Peer pressures on Singles

Philippines
August 17, 2010 7:48pm CST
In my previous work, they considered women as blessed who are having a present relationship from the time they got accepted in the job, because according to them you might end up an old maid if you have started to work there without a boyfriend. This can somehow be true because I have many single friends who are working there until now. Sometimes they feel so hurt when they were teased because of their being single at their age. I told them to not mind those teasers around and don't get fooled by married guys who show their sympathy but in the end want to ride their feelings and play with them. Do you have friends who are still single? How should they react to pressures?
1 person likes this
8 responses
@bird123 (10632)
• United States
21 Aug 10
A person should only marry for true love. If you marry just anyone because of peer pressures, remember, those people won't help clean up the mess when it all breaks apart.
@thanks1961 (7035)
• India
18 Aug 10
Hi dear, Nothing to be worried on being a single. When the time is up, everything will happen properly. In most cases, the people do not know how to tackle such people or how to handle such circumstances. If they could give a proper answer to such topics, they will automatically stop it of if they say anything next time, they will think 2 times before opening the mouth. What you can do is tell your unmarried friends that ‘handle’ such people and don’t go back. Be stubborn and face it boldly. For eg:,” sorry, if I need help, I will definitely ask you, thanks”, “it is ok, however I have my parents to decide, if I need any help from you, I will ask you”, etc. If you comment in such a way, they will realize and will not come forward. They have some false intention in their minds. So do not promote such instances and de-motivate by giving proper answers. Regards, Thank-s
@chiyosan (30184)
• Philippines
18 Aug 10
Yes, i have friends who are still single. actually i am also single myself... but i have a boyfriend. my friends don't have boyfriends and well i sure am not pressuring any one of them i feel that they too are more concerned about building their careers and i support them - fully support their love for improvements for their career and i guess we all have our priorities right? its just respect i guess that people should not think it was rather some kind of a disease to be single when you are already in your mid 20's
• Philippines
18 Aug 10
Yes I have friends here at work that are single, and I am included with them.I have so many responsibility with my family I am the only one earning temporarily, hopefully my sister get a nice job in the future. I already accepted my faith being a single and I am not looking forward of having someone to take care of me in the future. I forget about my personal life because of work, which is wrong. That is the life of my friends here too. One friend who is single at 36 and she believe in some foolishness of a male friends, whom one of our friends and now she is pregnant without the maniac. She regret it as when she looks at me, she believes we enjoyed our life compare to the problem she is facing now.She thought that she is getting old and she needs to rush things and have a family of her own that is why she done it with herself. I adviced her that since that is her decision she must have to be responsible facing it. Now she is on leave, alone and that maniac is nowhere to be found. I believe if I am destined to be with someone, no matter the age and the time or place differences it will happen. We do not know.
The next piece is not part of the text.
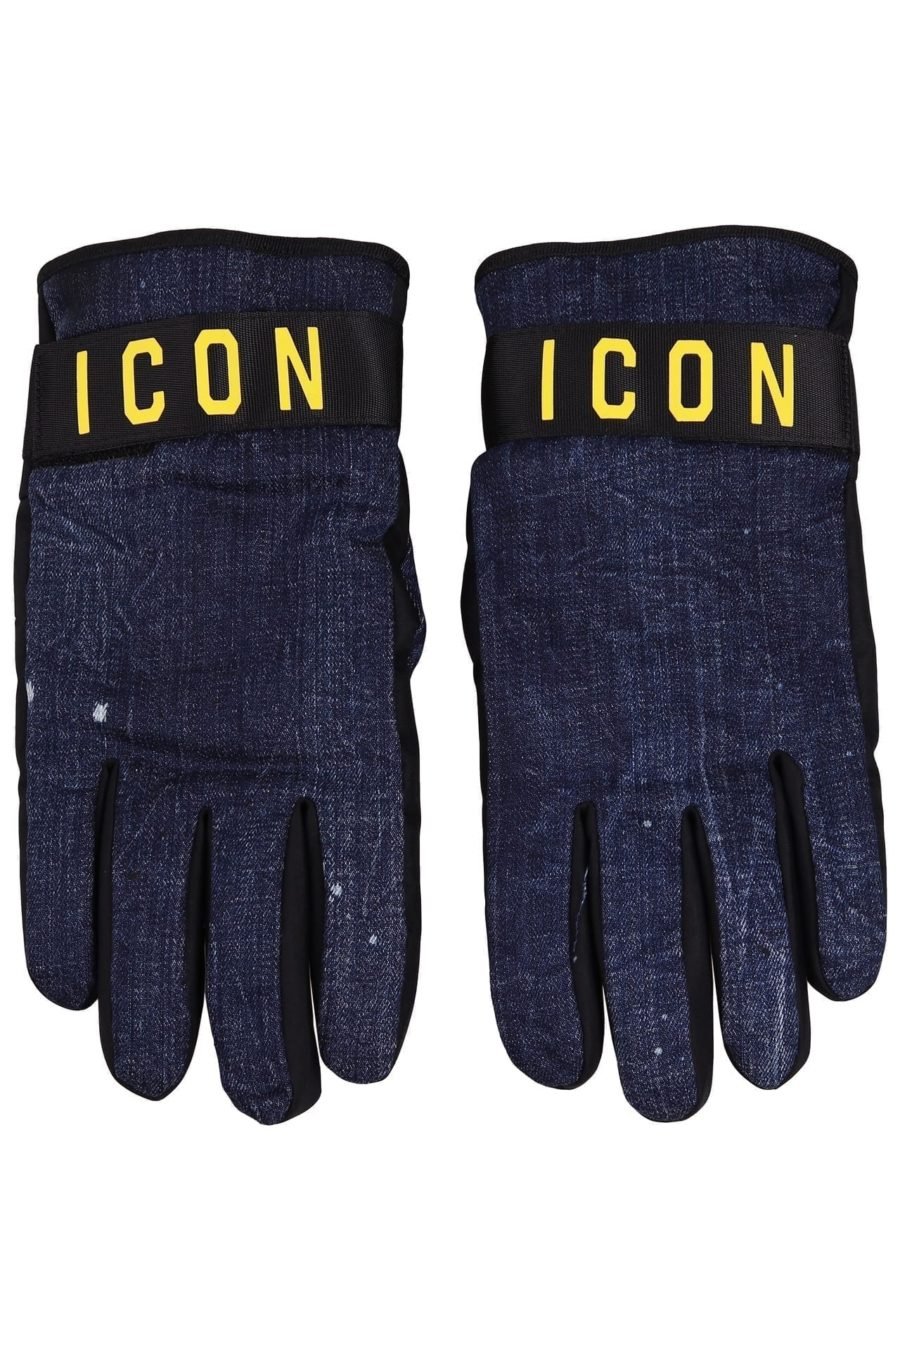 Gloves Dsquared2 ICON blue - fba9c427402a227da13cb0c58b1fec729d72825c

What i know now is I am single and I have to fulfill my responsibility with my family and give them the happiness they want while I am still single. I was pressured a lot of times, I just avoid people who likes to make fun of me telling me I am getting old and i need someone to take care of me.I do not believe them, they are just fooling me, especially the guys.
• United States
18 Aug 10
Yes I do and it is a preference for them. They normally do not worry about what others think, or at least that is the perception they give.
18 Aug 10
i got three girlfriends who are right now remains single, i'm 25 and just got happily married, but they are older than me for 5 years. some who's ages are already beyond the calendar dates. hahaha.. one got stressed when her relationship is not working and the others remain happy to be single and to keep herself being available. one friend of mine asked me," how did you know that the person you have now is the right one?" simply i answered,"i cannot really tell that he is the right one but for now, this is what my heart feels and what my mind says, it does not matter if we will work this out perfectly at the end but the things very important that we give it a try and hopefully by God grace and guidance we are gonna be strong and will stay in each others arms for a lifetime." Point is, do not be afraid of love, and do not be scared of putting the risk. Love is a win or lose game and its up to us how to play with it.. we set standards of our own on what kind of person we are gonna be having commitment with. Its really up to us. Its really a choice to remain single or not. But most of all, whatever are we gonna be doing, lets make sure that we are happy and no regrets about it.[i][/i]
@knicnax (2233)
• Philippines
18 Aug 10
I don't think singles should be pressured at all. There is a reason why they are still single. It might be work, or it might be that God has a different mission for them, which can't be accomplished if they settle down :)
• Philippines
18 Aug 10
Yeah i do. They were my classmates in higschools and college. Each time we attend our monthly reunions, we teased those who are still singles and joke on their status as if they wanted to adopt our husbands hehehe! But seriously talking, they are my friends, and I told them that they should not be pressured to people who tell them to get married soon or marry the first man who will court them tomorrow. Marriage is not that. It must be planned and of course true feelings should be involved or it's better not to marry at all.